▶ **WHAT YOU ARE ASKED TO DO**
Write out each line of the listing as it stands, without the images.

▶ **RECORDS TO USE**
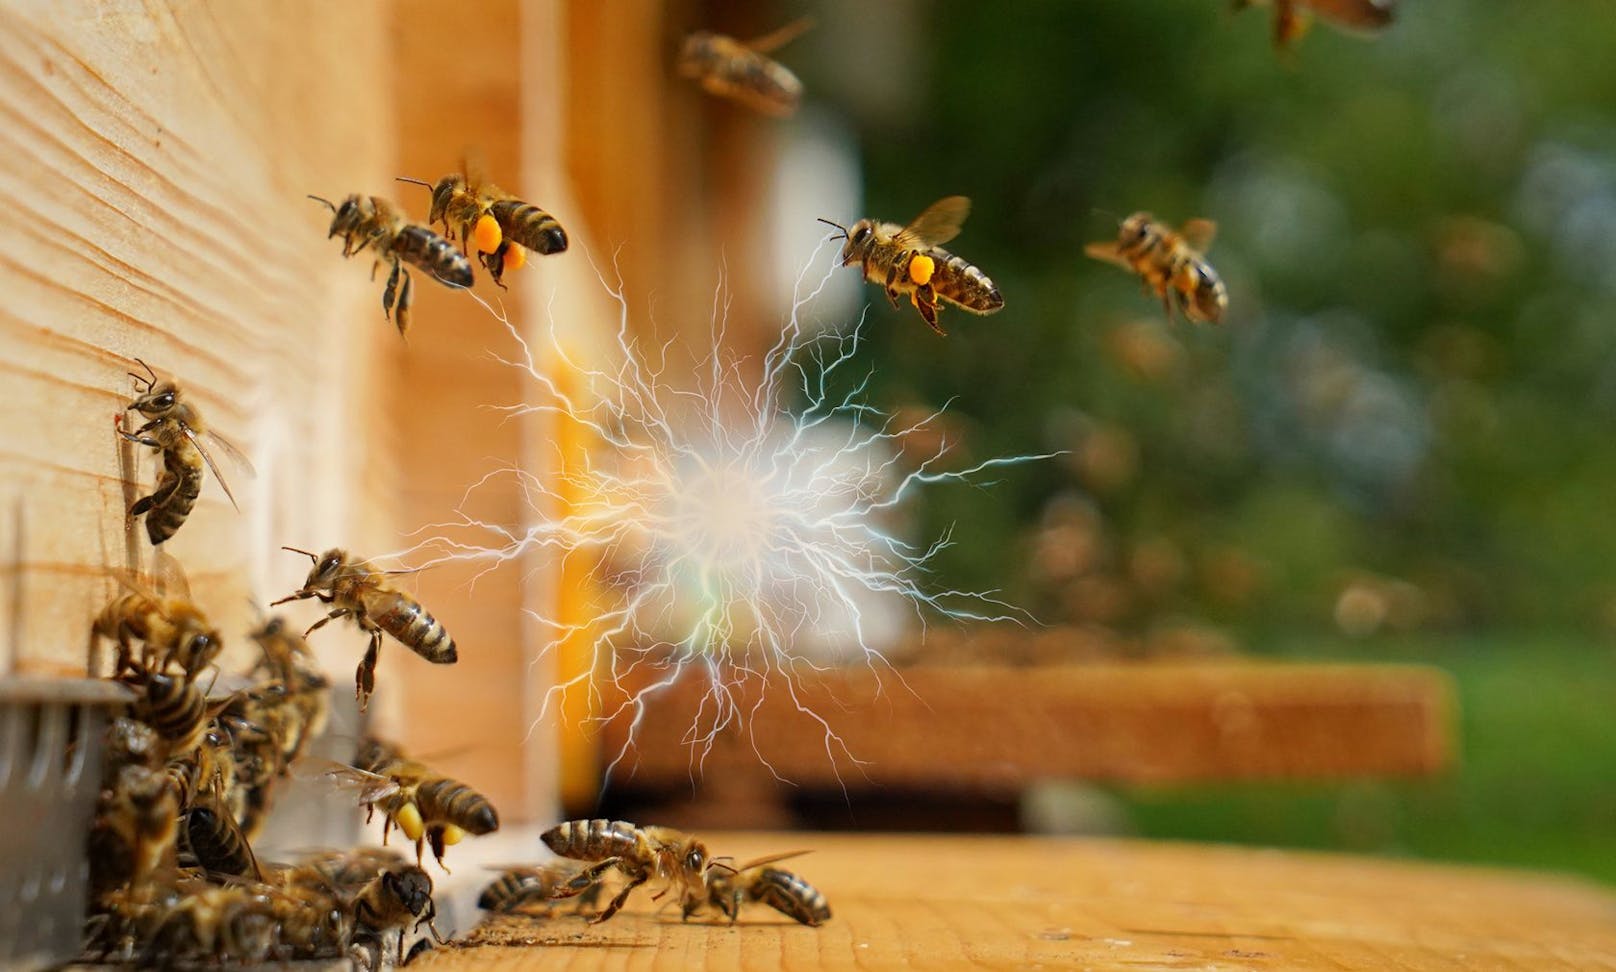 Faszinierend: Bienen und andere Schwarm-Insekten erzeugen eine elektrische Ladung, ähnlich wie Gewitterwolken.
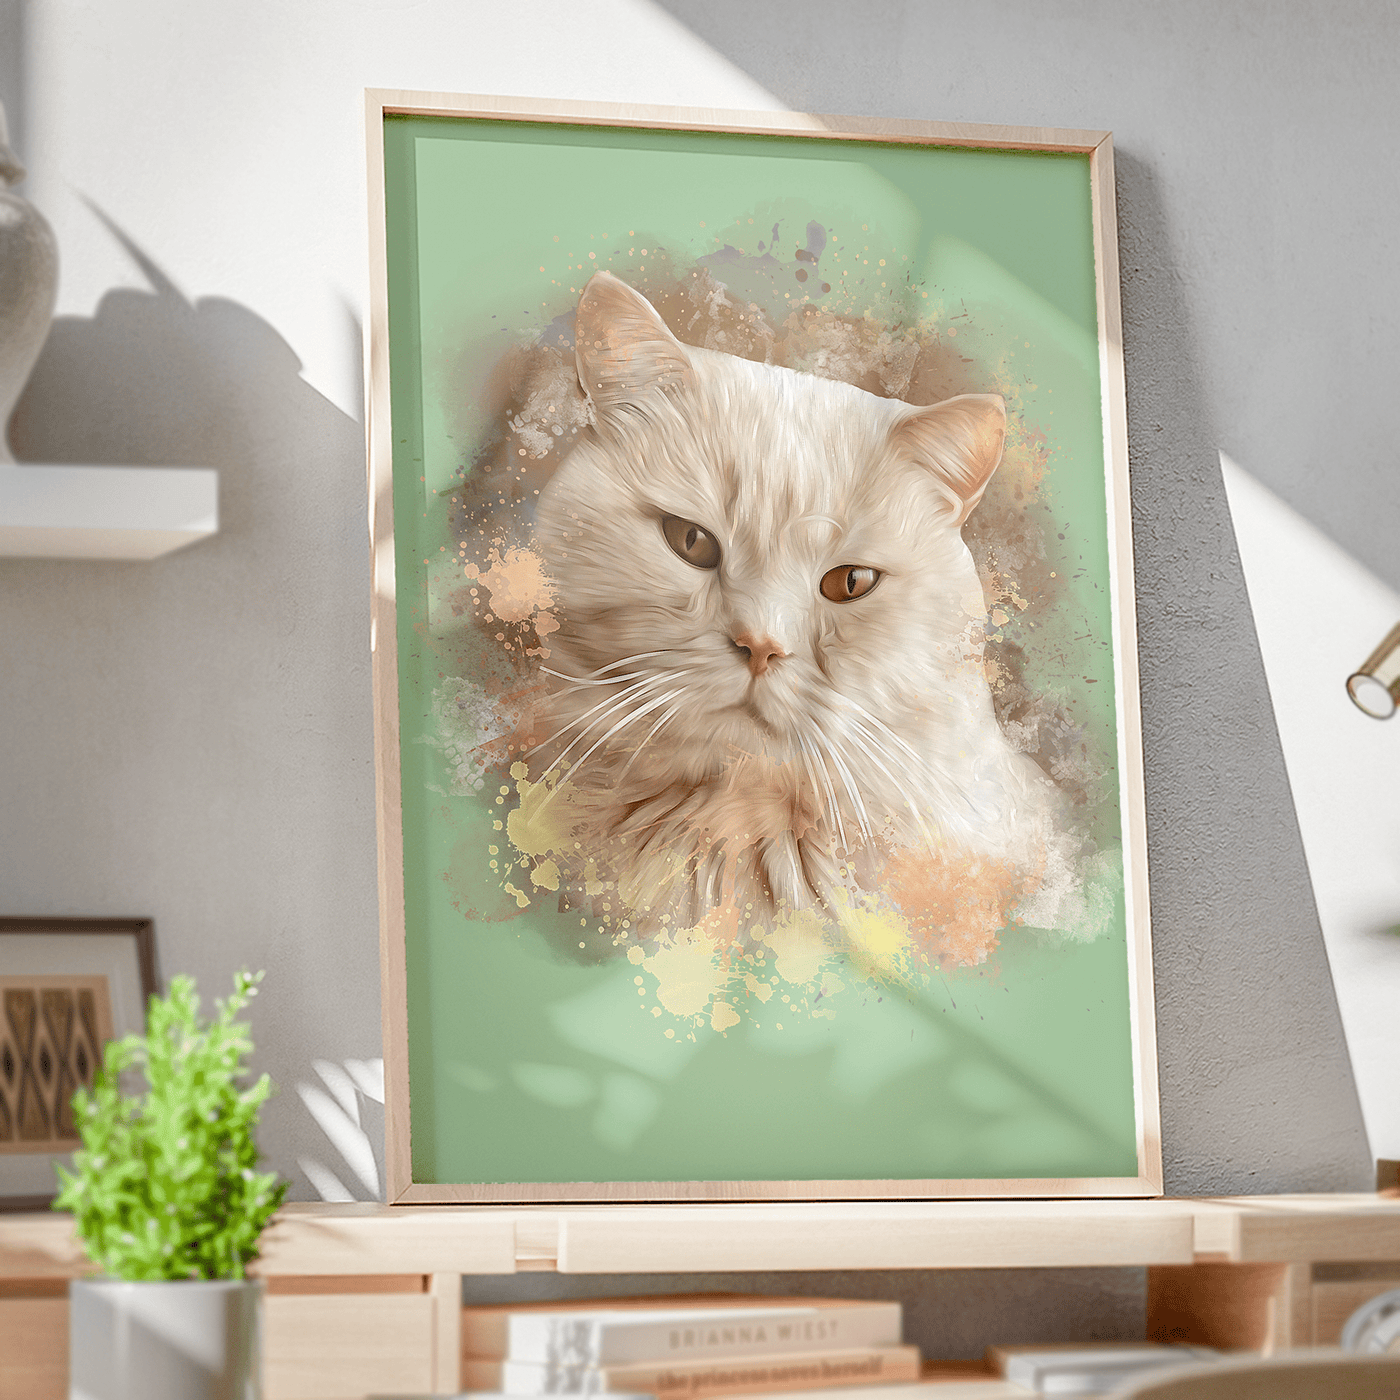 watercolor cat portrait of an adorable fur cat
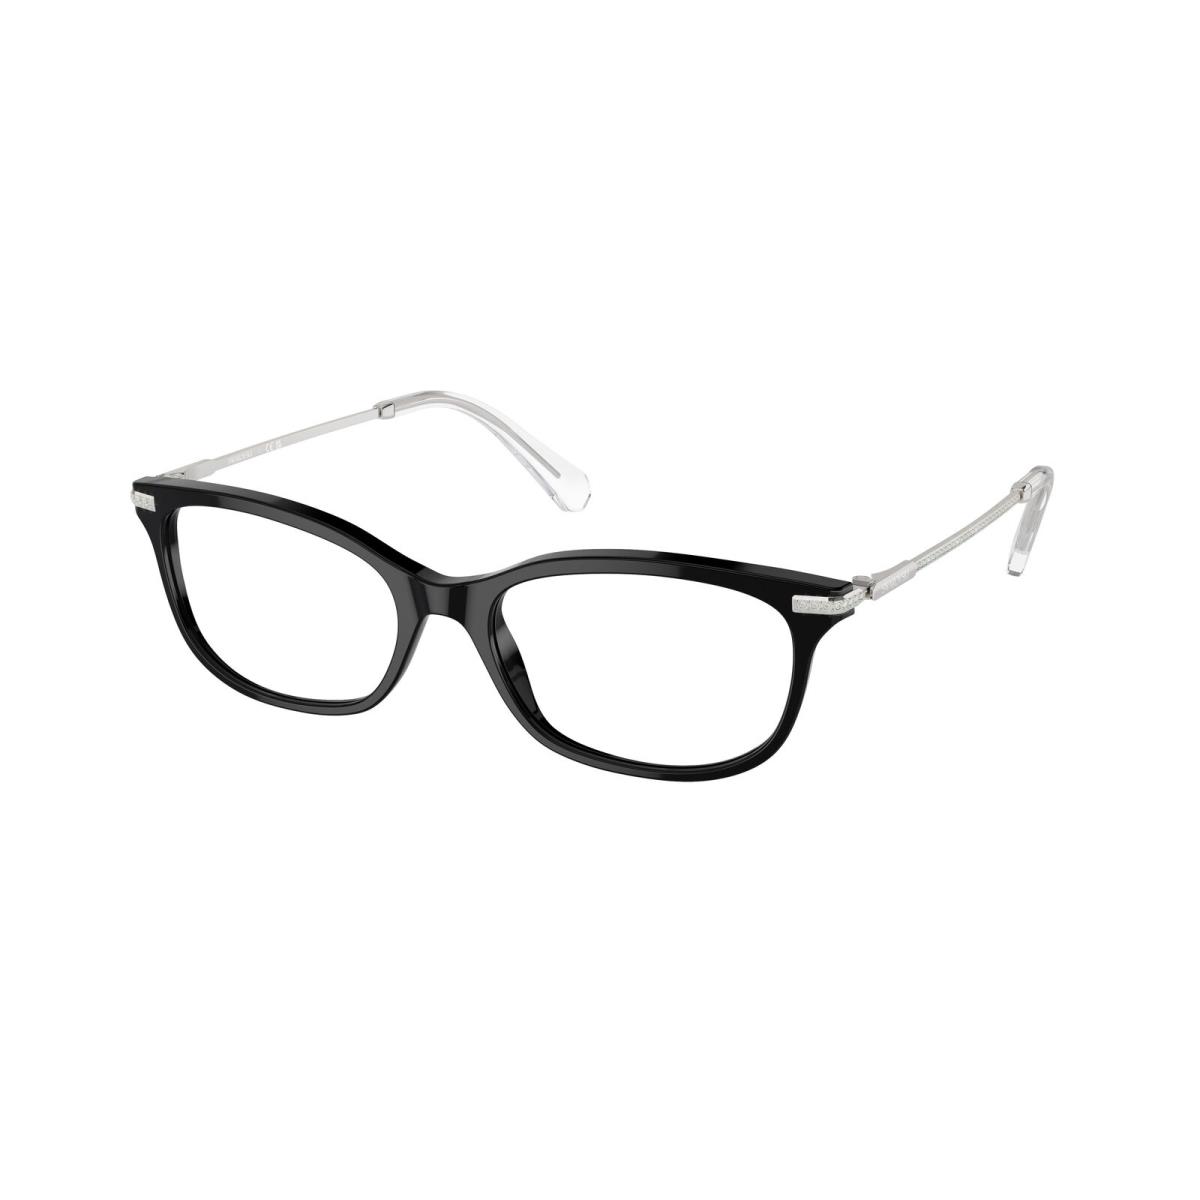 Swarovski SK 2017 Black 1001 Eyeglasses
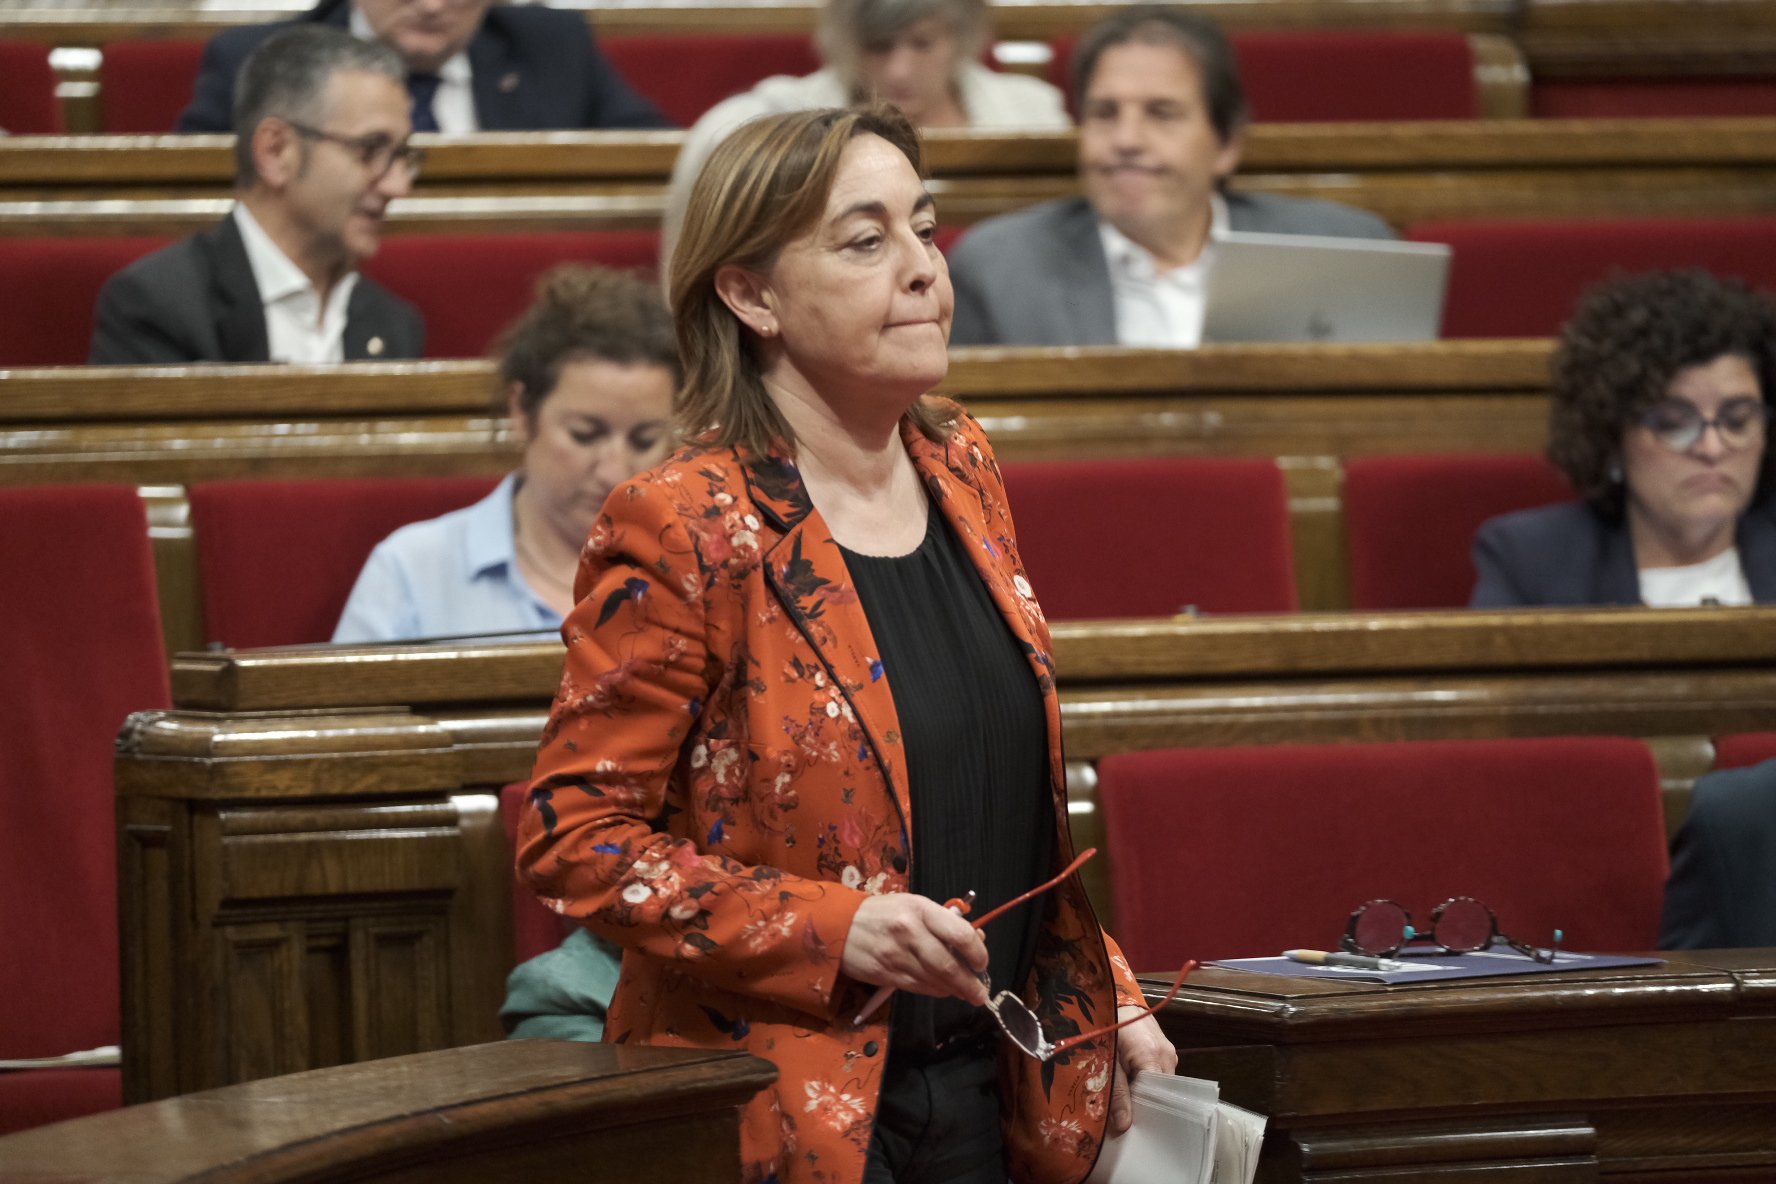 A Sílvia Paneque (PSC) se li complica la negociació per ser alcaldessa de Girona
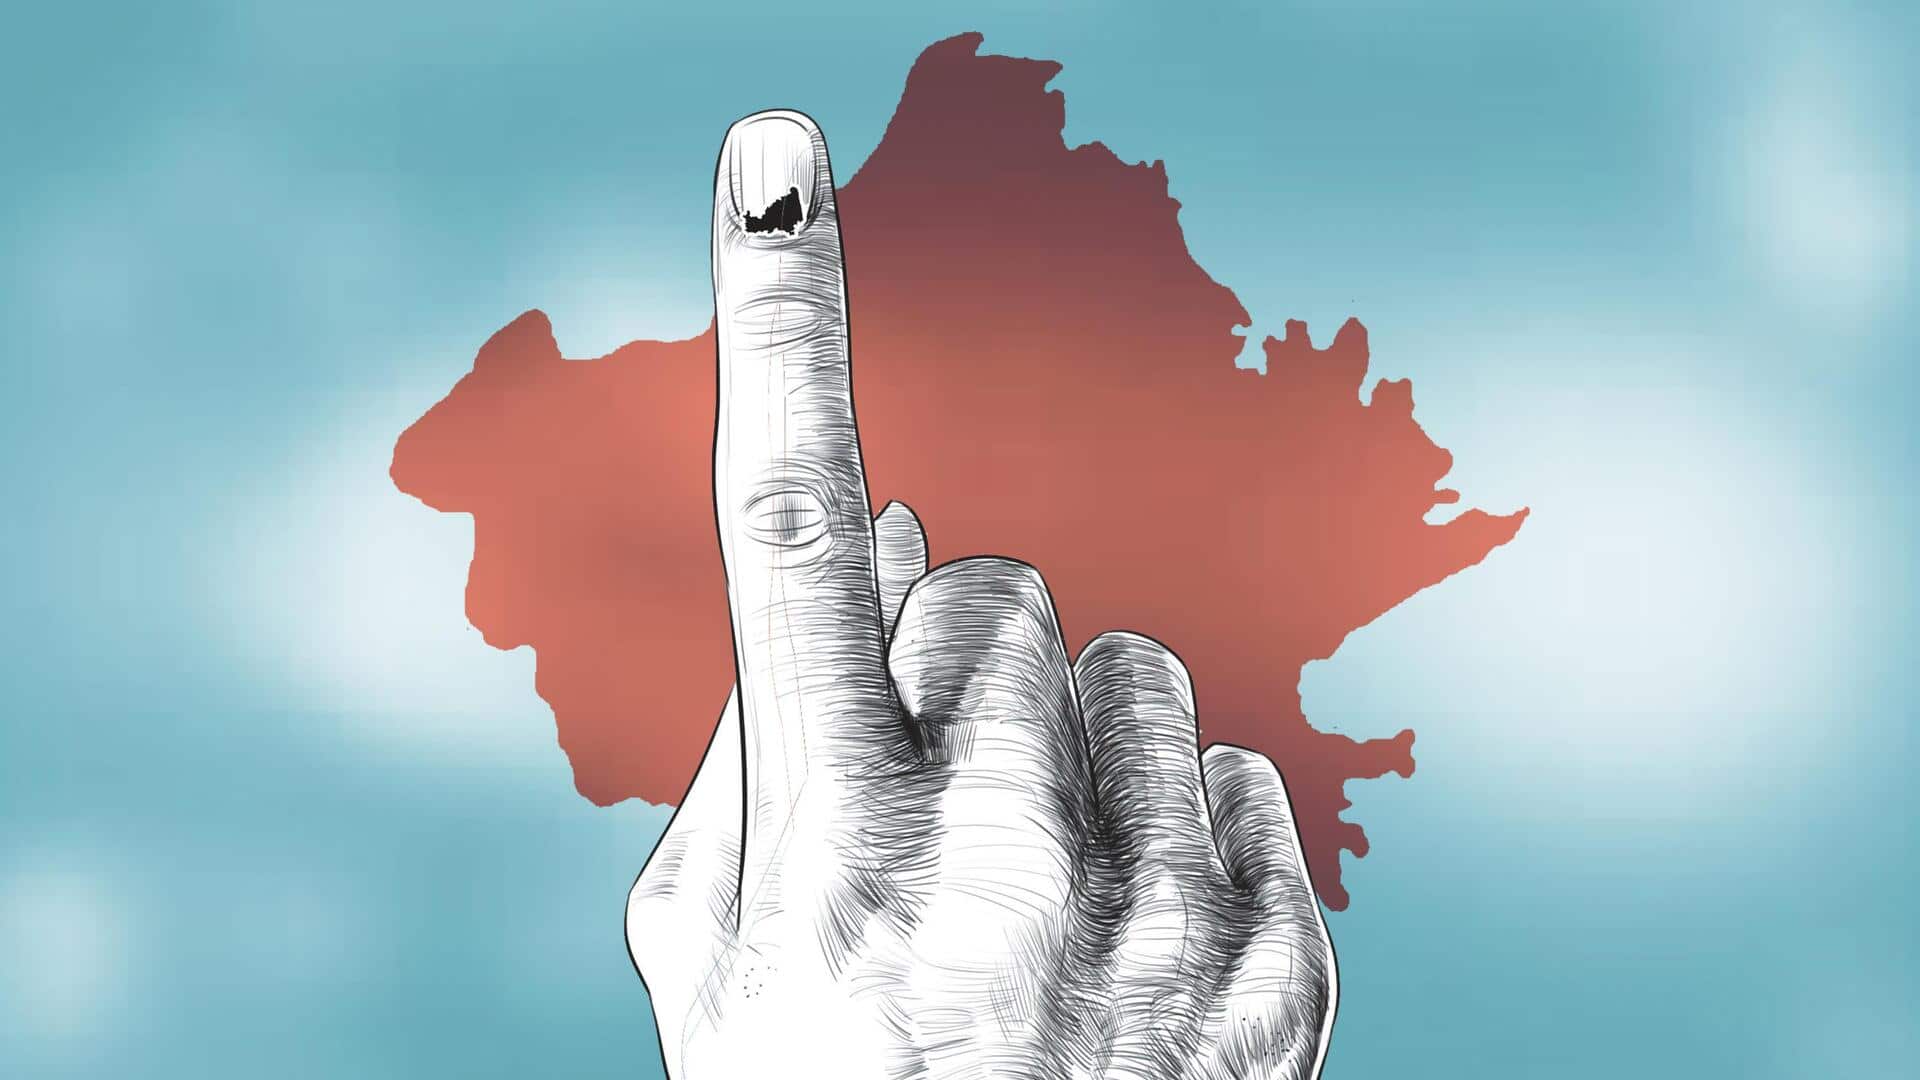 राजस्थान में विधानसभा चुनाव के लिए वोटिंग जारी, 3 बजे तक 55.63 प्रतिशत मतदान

▶ **TASK OUTPUT**
 Faszinierend: Bienen und andere Schwarm-Insekten erzeugen eine elektrische Ladung, ähnlich wie Gewitterwolken.
 watercolor cat portrait of an adorable fur cat
 Swarovski SK 2017 Black 1001 Eyeglasses
 A Sílvia Paneque (PSC) se li complica la negociació per ser alcaldessa de Girona
 राजस्थान में विधानसभा चुनाव के लिए वोटिंग जारी, 3 बजे तक 55.63 प्रतिशत मतदान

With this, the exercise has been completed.